Furthermore, the Ohio Company was performing a ministerial task at the direction of the Halleys when it partially transferred the funds. The Ohio Company was not acting as an ERISA fiduciary when it transferred the funds because the act involved no discretion. See Zandi-Dulabi v. Pacific Retirement Plans, Inc. (N.D.Cal.1993), 828 F.Supp. 760. The complaint does not establish that the Ohio Company was acting as a fiduciary, so ERISA does not provide a cause of action for the claims asserted by appellant. See Schiffli Embroidery Workers Pen. Fund v. Ryan Beck (D.N.J.1994), 869 F.Supp. 278, 281, 284; Airparts Co., Inc. v. Custom Benefit Serv. of Austin, Inc. (C.A.10, 1994), 28 F.3d 1062.

Transferring the funds was not an act in the administration of the ERISA plan. See id. at 1066. Appellants made no claim based on any rights under the Pension Plan. The appellants' state-law claims do not even remotely affect the structure, the administration, or the type of benefits provided by the Pension Plan. These state-law claims were not designed to affect employee benefits. This case does not fit into any of the four situations where ERISA generally preempts state law.

The appellants' state-law claims involved areas of traditional state regulation. See Perry v. P*I*E Nationwide, Inc., supra; Airparts Co., supra. The appellants' claims will not have an effect on the relations among the principal ERISA entities--H. Myron Halley, M.D., Inc., the Pension Plan, H. Myron Halley, M.D. and Joan F. Halley. These ERISA entities are united in their efforts to secure redress from the Ohio Company. As discussed above, the Ohio Company was not shown to be a fiduciary. The effect of the state-law claims on the Pension Plan is incidental in nature, as the claims do not involve rights under the Plan.

We conclude that the appellants' claims have only a remote or peripheral effect on the employee benefit plan. There is no threat that, by allowing this suit to go forward, conflicting regulations will emerge which will destroy the uniform administrative scheme of ERISA. Patton v. Bearden (C.A.6, 1993), 8 F.3d 343. This action was not preempted by ERISA. The trial court erred in dismissing the complaint on the grounds that it lacked subject matter jurisdiction.

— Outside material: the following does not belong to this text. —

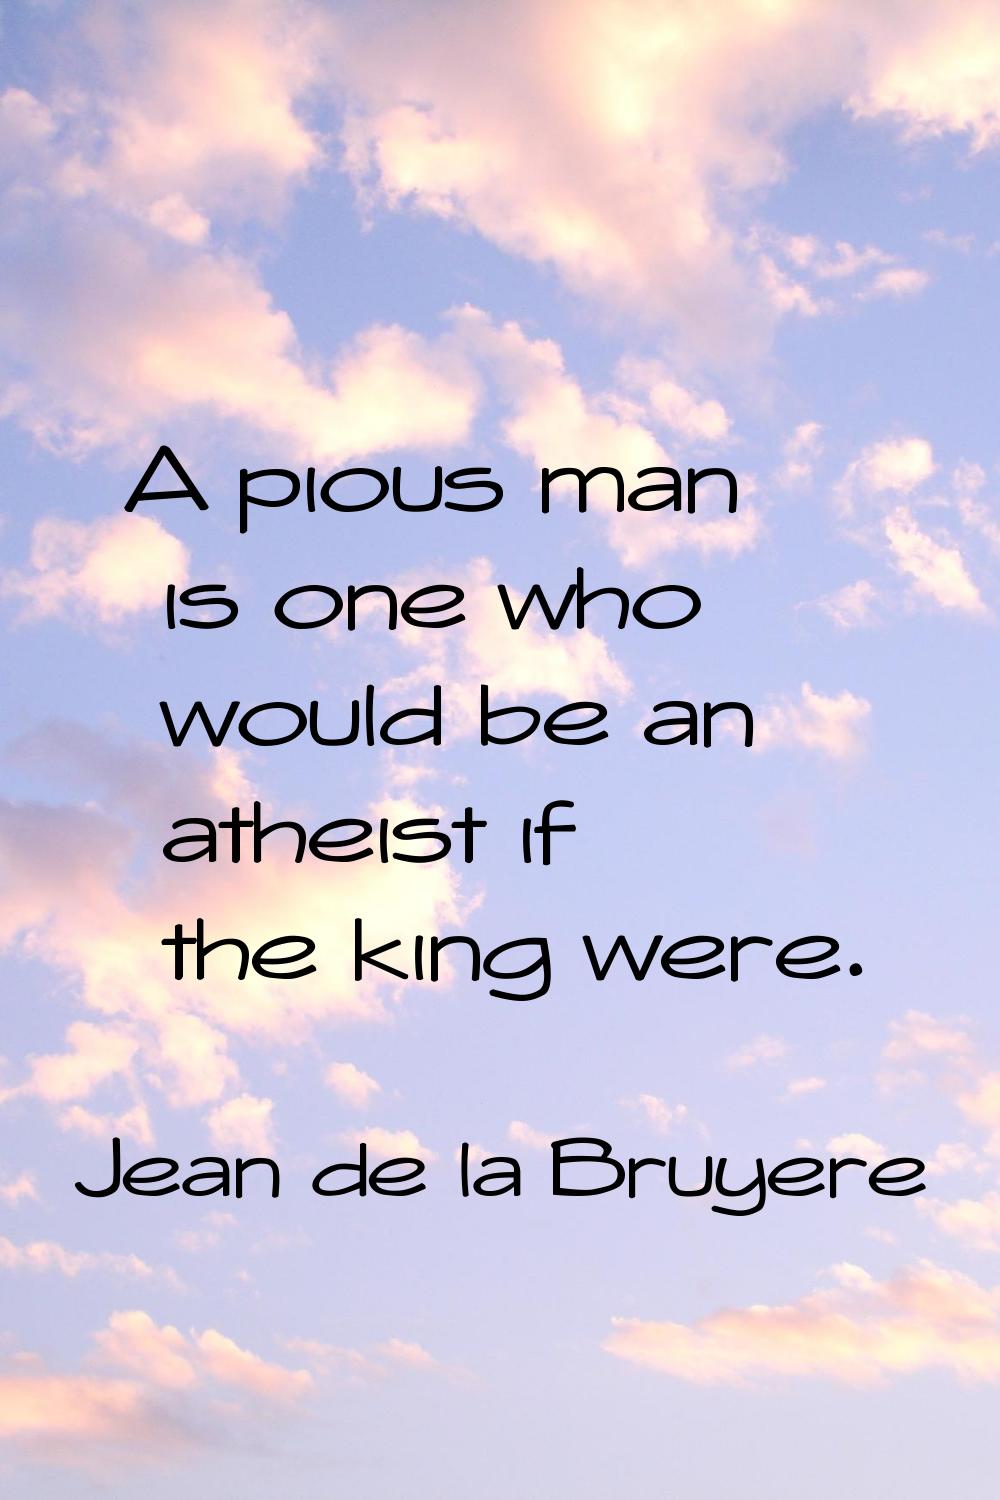 A pious man is one who would be an atheist if the king were.
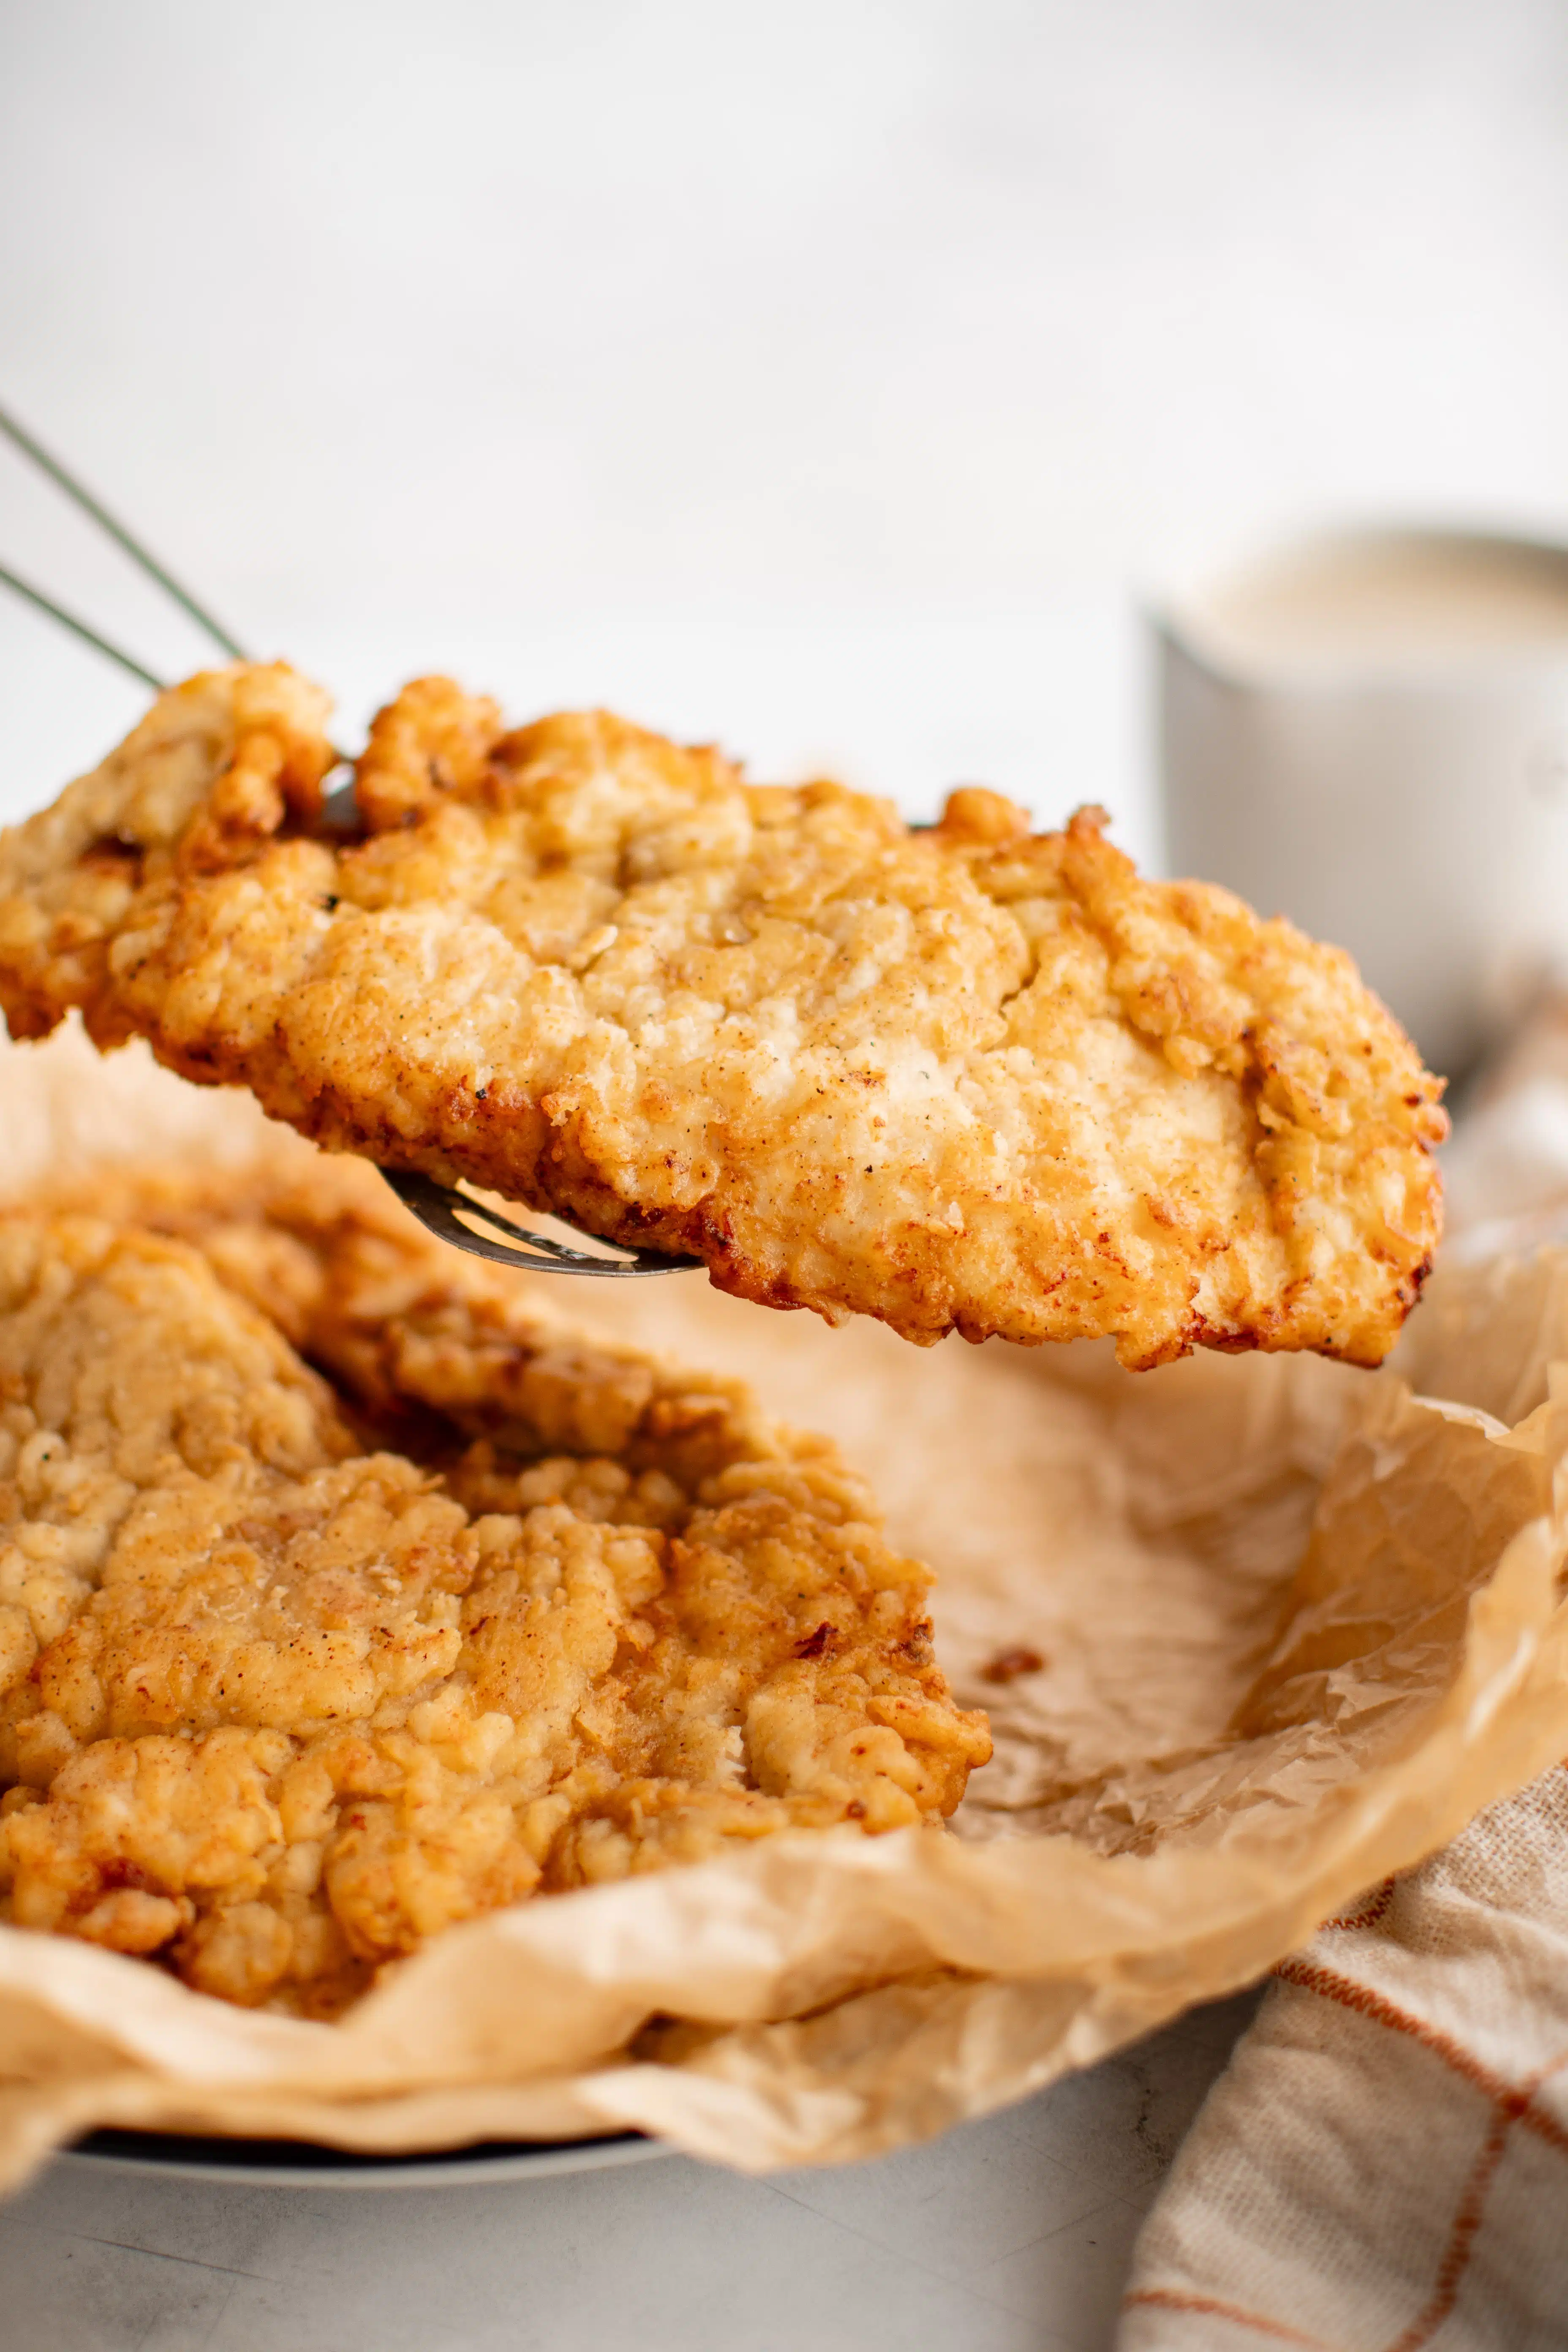 Metal tongs holding a breaded and fried piece of chicken fried chicken from a plate lined with brown wax paper.

Accordingly, this assignment of error is sustained.

Appellants' second assignment of error states:

"The trial court erred in granting defendant-appellee's motion to dismiss for failure to state a claim upon which relief may be granted as a justiciable controversy existed between the parties and plaintiff-appellants are entitled to declaratory judgment."

There are only two reasons for dismissing a complaint for declaratory judgment before the court addresses the merits of the case: (1) there is neither a justiciable issue nor an actual controversy between the parties requiring speedy relief to preserve rights which may otherwise be lost or impaired; or (2) in accordance with R.C. 2721.07, the declaratory judgment will...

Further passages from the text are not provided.